Economics: The sub prime market

Aug 14, 2007 13:13

One of the most complicated structures of the human race and the most esoteric to me. One of the only signs that we are an intelligent life form, and something truly more complicated than rocket science. This is a topic I cannot hope to understand.

Governments are pumping in money to stabilize the economy. I understand global economics even less so than local economics, but I find it interesting that
insomnia   asks how it can be that: While lenders got rich lending to irresponsible people (who should have never been allowed to get into debts for homes they cannot own), the tax money of innocent earners are going into the markets to bail them out. In other words - if I run up my credit card bill super high due to irresponsible spending, the govt. will bail me (and my lender) out by handing me YOUR tax money.

The underlying reason for the sub prime loaners includes a variety of factors including ignorant loaners and predatory lending. It seems to me that the system allows any entrepreneur to loan out a payment in exchange for a very high risk situation - then pass on that high risk to the world economy and come out rich and with no scratches. The system itself appears inadequate and incorrect. Perhaps there should be government regulations on the risk level allowable in the market at any given period. Especially
- if the govt. is going to bail out the supposed free market system
- when the risk is so evident i.e. loaners who can evidently never afford to pay back.

insomnia  even argues that the Govt. should be focusing on more public housing and affordable rentals for people who cannot afford housing in any other other way but through these sub-prime loans.

But back to the idea of risk - it appears that there is simply too much risk in the world economy. “Too much” is defined as more risk than anyone has the capital to back. This is basic financial responsibility - don’t risk too much more than you can actually pay for - definitely not in multiples of your entire savings. Risk is a magical intangible commodity has been used for great profit but apparently very irresponsibly.

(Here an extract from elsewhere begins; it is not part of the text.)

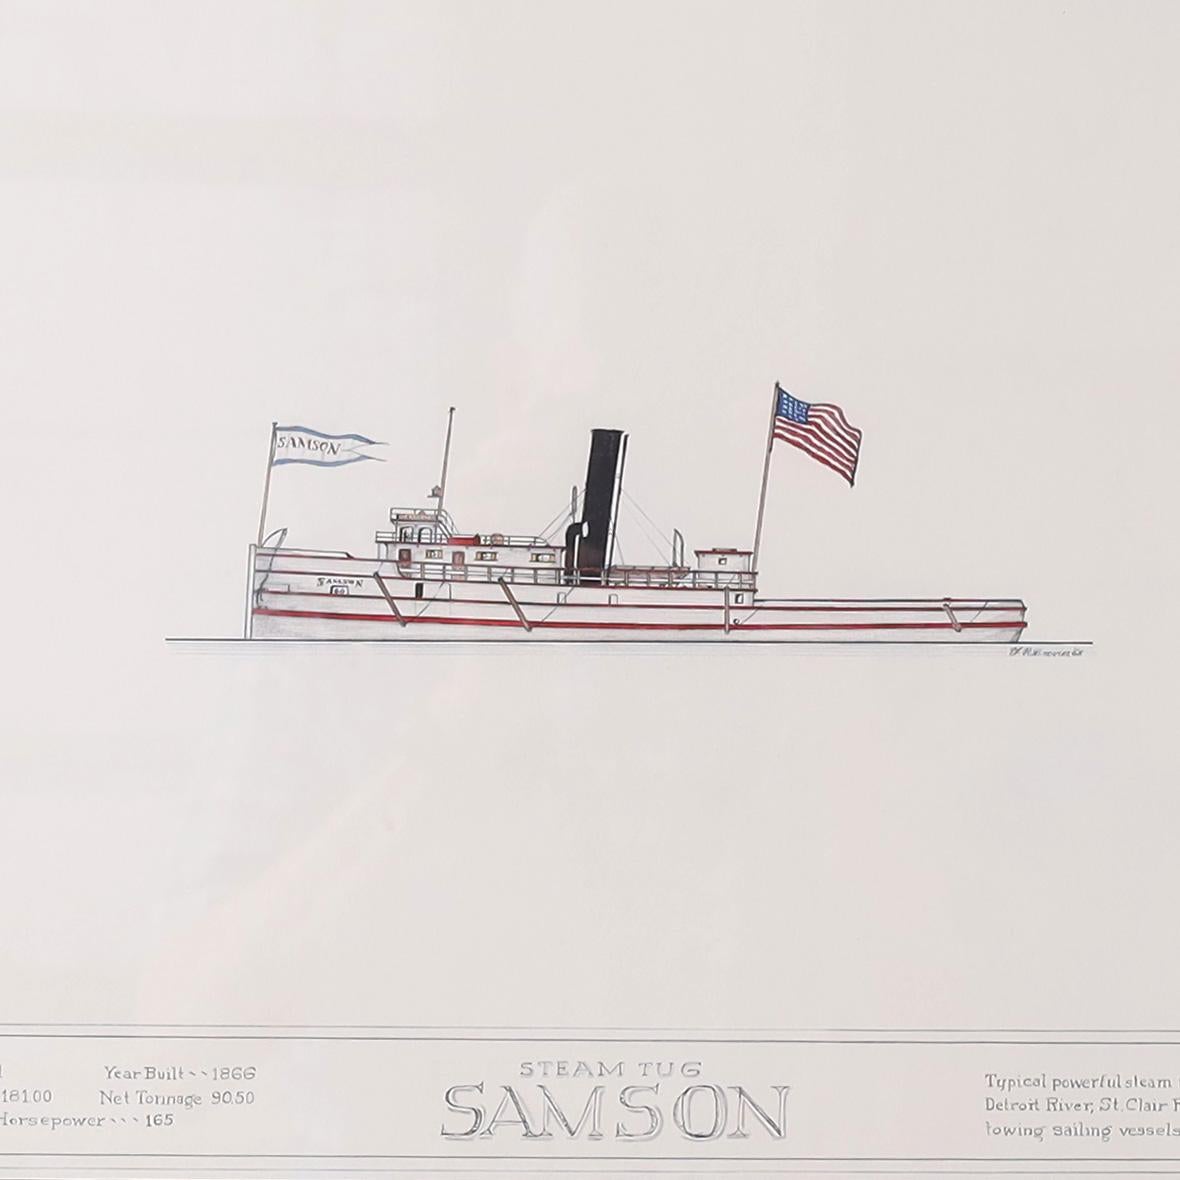 Peinture à l'encre et à la gouache sur papier d'un bateau à vapeur des Grands Lacs du XIXe siècle, exécutée dans un style précis de dessinateur et signée par le célèbre artiste américain Frank Crevier, encadrée et présentée sous verre. Comme le

http://www.financialsense.com/editorials/weiss/2007/0813.html

Other than the fact that I would actually understand it somewhat, there seems to be value in going back to Gold instead of the Federal Reserve. It's the only reality check that the bizarre concept of paper money ever had.

Or perhaps we should all move to the new currencies that are being created - “Miles” (from Airlines) and “Points” (from credit cards). There is already an entire sub-economy based on these conceptual commodities with small print rules. It’s hard enough for me to keep up with the U.S. dollar even in the internet information age.

On other news: It appears that the “Walmart Retail Index” is a better indicator of the American economy than the Dow.